Drylands, Deserts and Desertification

Long term degradation and rapid restoration of the Negev’s Agroecosystems –lessons learned towards sustainable dryland management Dr. Stefan Leu Desert Research Institutes, Sde Boker, Israel

Stefan Leu
Israel

Israel’s Negev region is amongst the longest populated dryland areas in the world, featuring uncountable archeological artefacts yet to be evaluated, witnessing human exploitation and agricultural technologies over at least the last 10000 years, though the area was considered a worthless waste land when re-discovered in the early twentieth century. Featuring large urban centers (Beer Sheba, Arad) continuously populated at least between 8000 – 2000 years ago, and numerous Roman/Nabatean towns 1500 – 2500 years ago inside the arid regions of the Central Negev, the area was evidently and successfully used for agriculture supporting large and diverse human populations employing various and growingly more sophisticated agricultural and water harvesting technologies during periods of strong variations in precipitation. We will present a number of novel archaeological indications from the Hura area and near Yeruham including Bronze age and Byzantine settlement activity, and sophisticated water engineering, evolving into complex and large scale irrigation schemes. Those finds indicate that, independent of significant variations in rainfall in the course of the millennia, the Central Negev was a densely populated and well developed dryland community. As we hypothesized in the past, its current deserted status is the result of human mismanagement, wars, migration and plagues rather that the impact of any dramatic recent climate changes, and proper management could restore the Negev’s diversity, ecology and agricultural productivity. Our small scale pilot studies and empirical comparisons between conserved Negev locations and the surrounded highly degraded landscapes confirmed this hypothesis. A pilot scale 30 hectare ecosystem restoration program was therefore initiated by Project Wadi encouraging soil quality improvements, erosion control and ecological recovery accompanied by detailed scientific assessment of the recovery process (https://www.sustainabilitylabs.org/ecosystem-restoration/).

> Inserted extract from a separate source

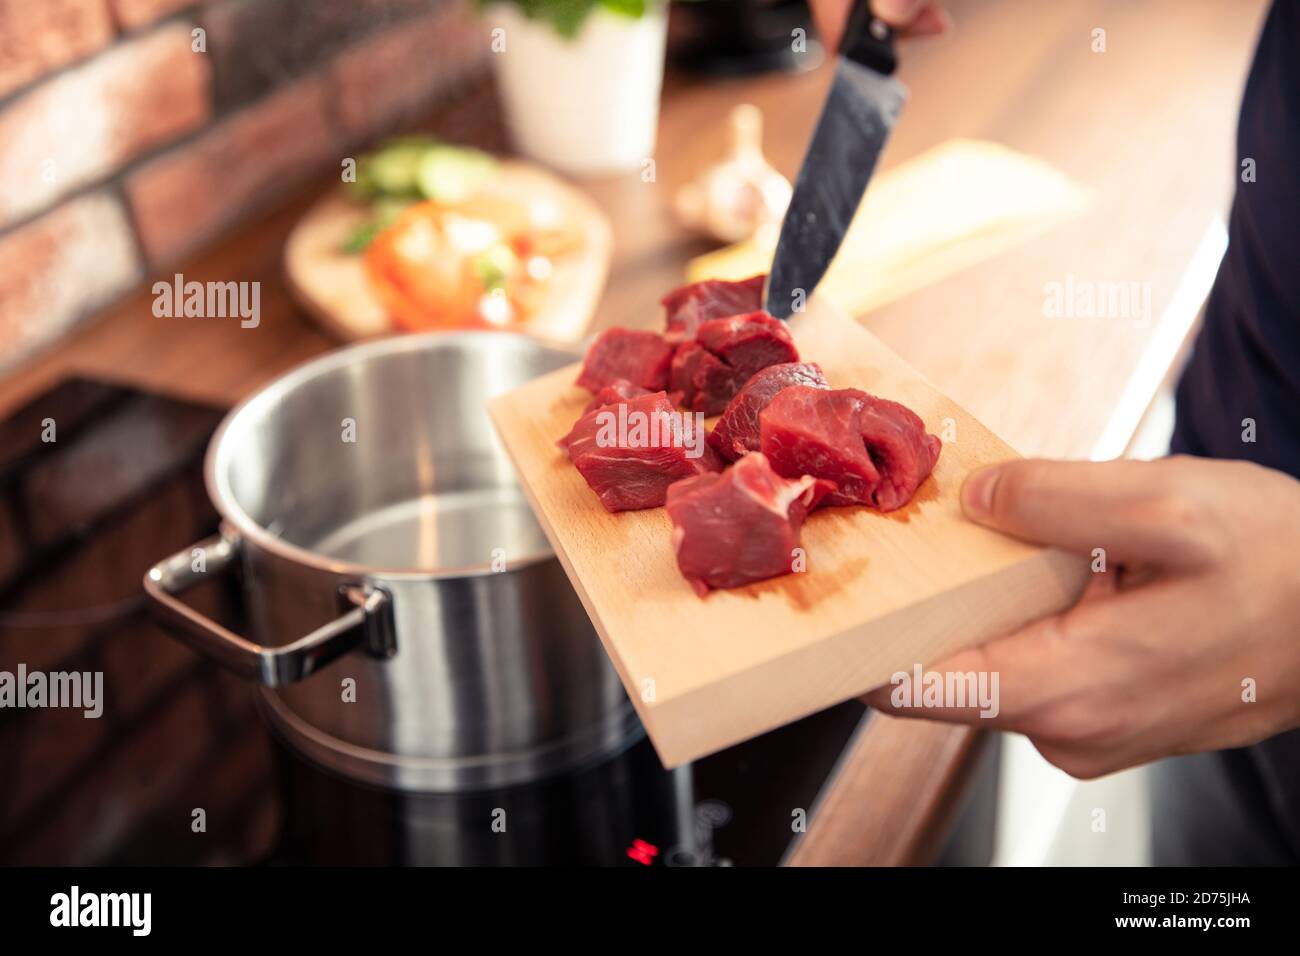 La main de l'homme dépose la viande fraîchement coupée dans un pot de eau Banque D'Images
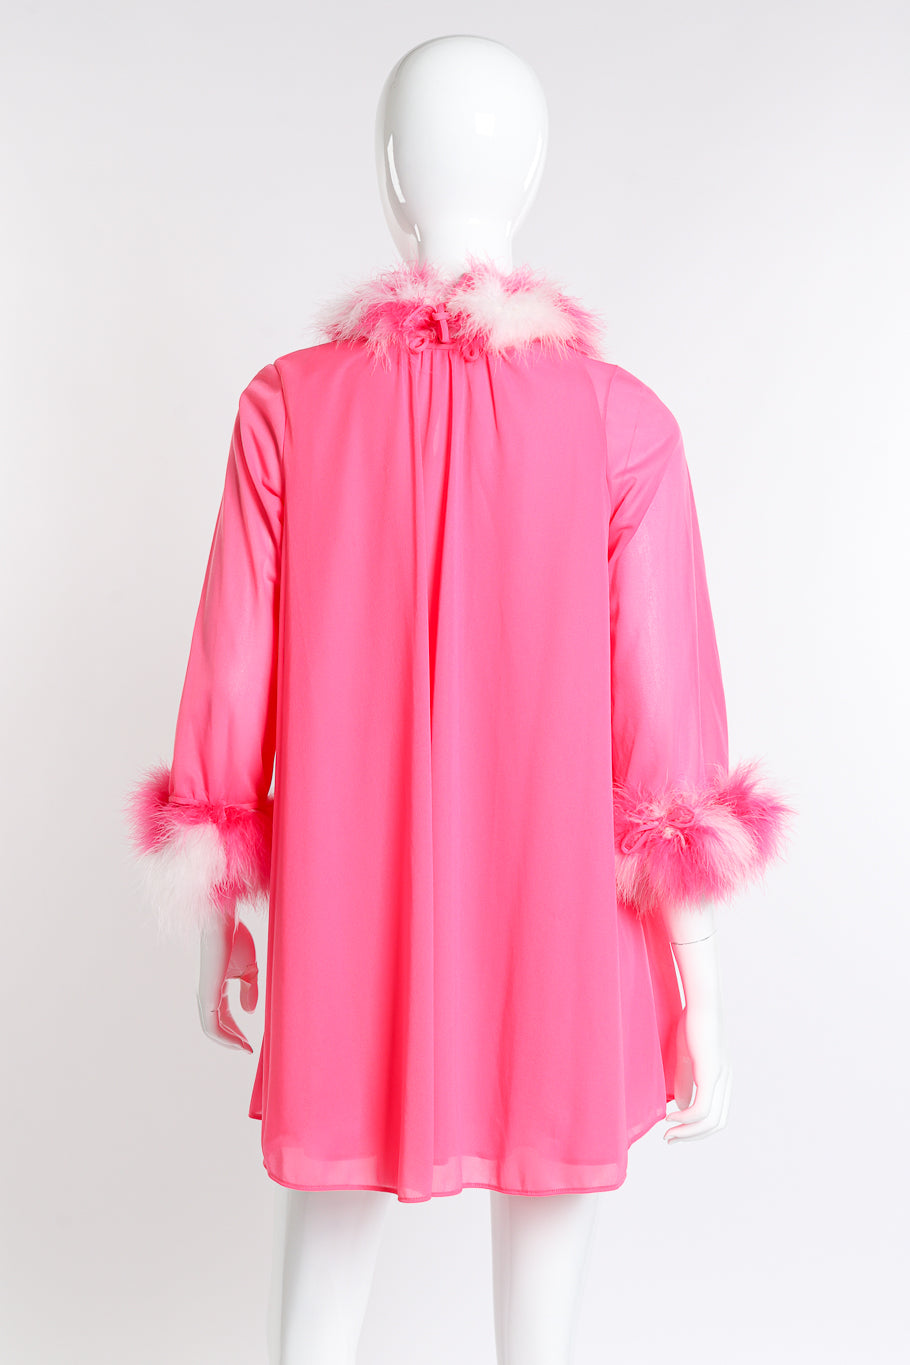 Vintage Flair Marabou Trim Top & Dress Set back on mannequin closeup @recess la

The results of this project indicate that five years of conservation from grazing and tilling, supported by tree planting and erosion control, increased the annual herbaceous biomass productivity 5-fold compared to untreated control plots, dramatically enriched plant and animal biodiversity, rapidly increased the moisture content of the soil by 50%, enriched soil nutrients content and induced rapid sequestration of CO2 into soil organic matter. This proves that most of the Negev is profoundly degraded and can rapidly be rehabilitated into a far more diverse and productive agroecosystem addressing all UN environmental conventions and most SDGs. We will discuss local and global implications for global dryland communities and the environment.